Second, and moreover, the models of early childhood education Obama cites—Oklahoma and Georgia—confer a superficial understanding of the capabilities of these programs. While Oklahoma is regularly gushed over as the leader in the field, their program isn’t actually translating to higher achievement the President seeks. Compared to the national average on math and reading tests, Oklahoma is now farther behind than it was 20 years ago, and results seem to indicate the effect of the their program doesn’t last much past elementary school. In Georgia, despite their push, the performance gap between low-income and higher-income students—22 points on reading and 29 on math—has not significantly decreased from the gap of the late ‘90s.
Promoting an early-childhood agenda is a good thing, but Obama’s SOTU statements thus far have been either undone by Congress or undercut by unsound reasoning.

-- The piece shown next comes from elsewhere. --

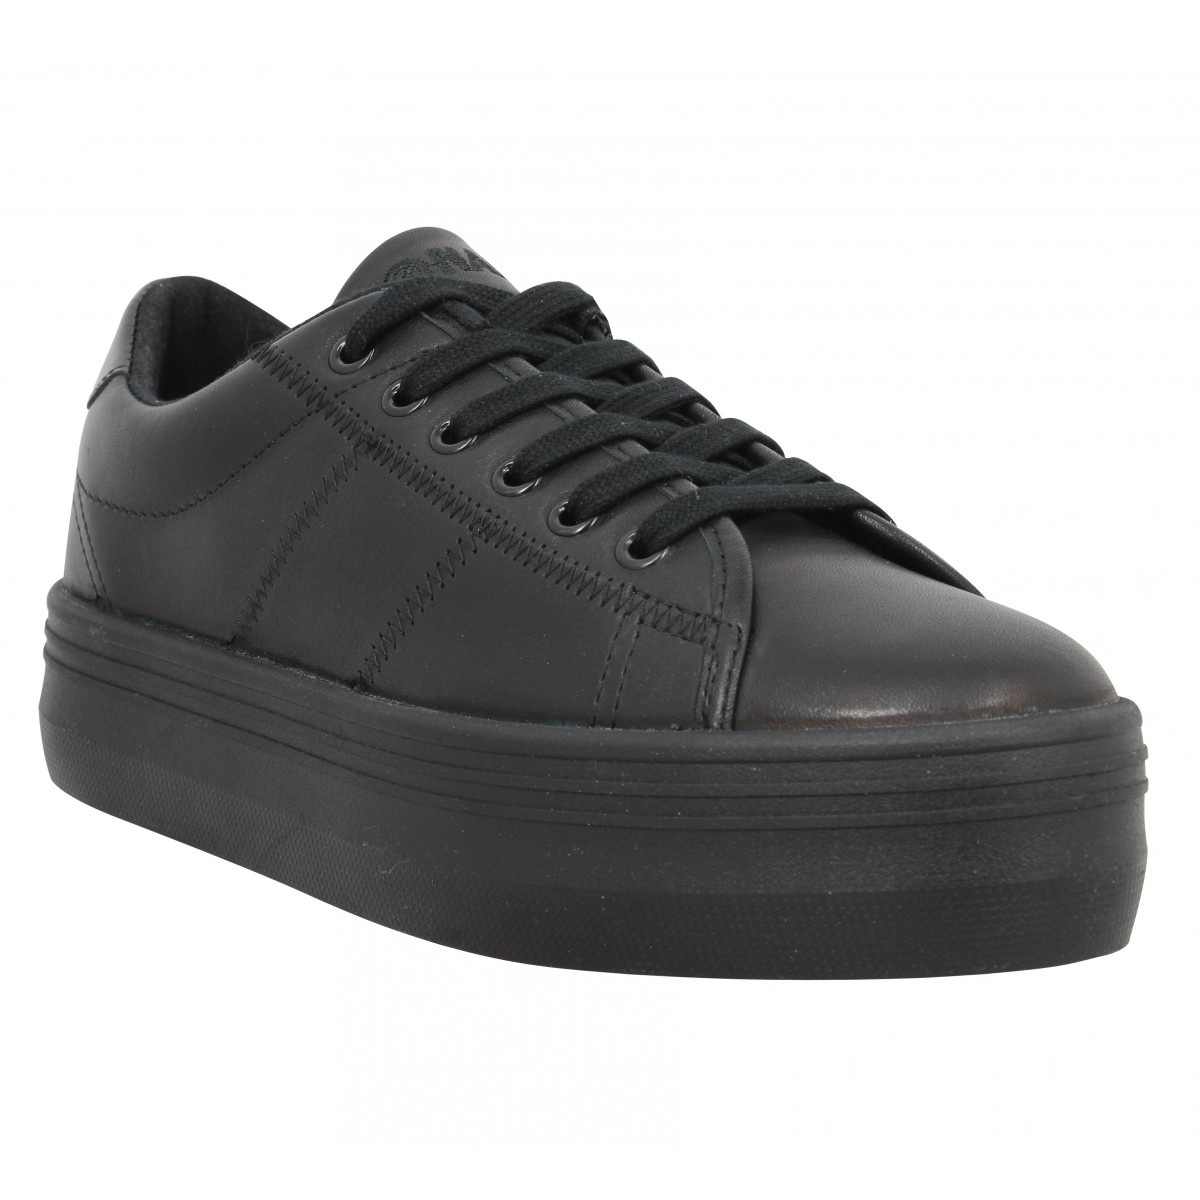 Baskets NO NAME Plato Sneaker nappa Femme Black

Elementary and Secondary Education
Advocates for elementary and secondary school reform would be happy if the promises made in Obama’s speeches led to the same sort of legislative movement, or even public debate, seen around early-childhood education. Instead, the largest section of the public education system has seen small successes from the State of the Union—and a lesser focus each year. Last year’s address, for example, skipped from early-childhood education to making “sure that a high school diploma puts our kids on a path to a good job” with no mention of the interim years. Furthermore, though the Common Core debate has been the central focus of education reform nationwide, the President has not once addressed the standards in his speeches (perhaps because it might be politically advantageous for him to keep out of the process). The focus instead has been on how important elementary and secondary education, as a concept, is for our country—the finer details hidden behind lofty ambition and politically favorable platitudes: competitive improvement, local control, more and better teachers.
The education-as-competition metaphor hit a new level in the 2011 SOTU, when the President asserted, “if we want to win the future... [we] have to win the race to educate our kids.” In addition to competing with China and India, the administration’s Race to the Top program has been a common talking point. Obama labeled the Department of Education’s competition-based grant program as “the most meaningful reform of our public schools in a generation” (2011). By offering money to states for innovative approaches to improving education, Obama claims that “for less than 1 percent of what our nation spends on education each year, we’ve convinced nearly every state in the country to raise their standards for teaching and learning” (2012).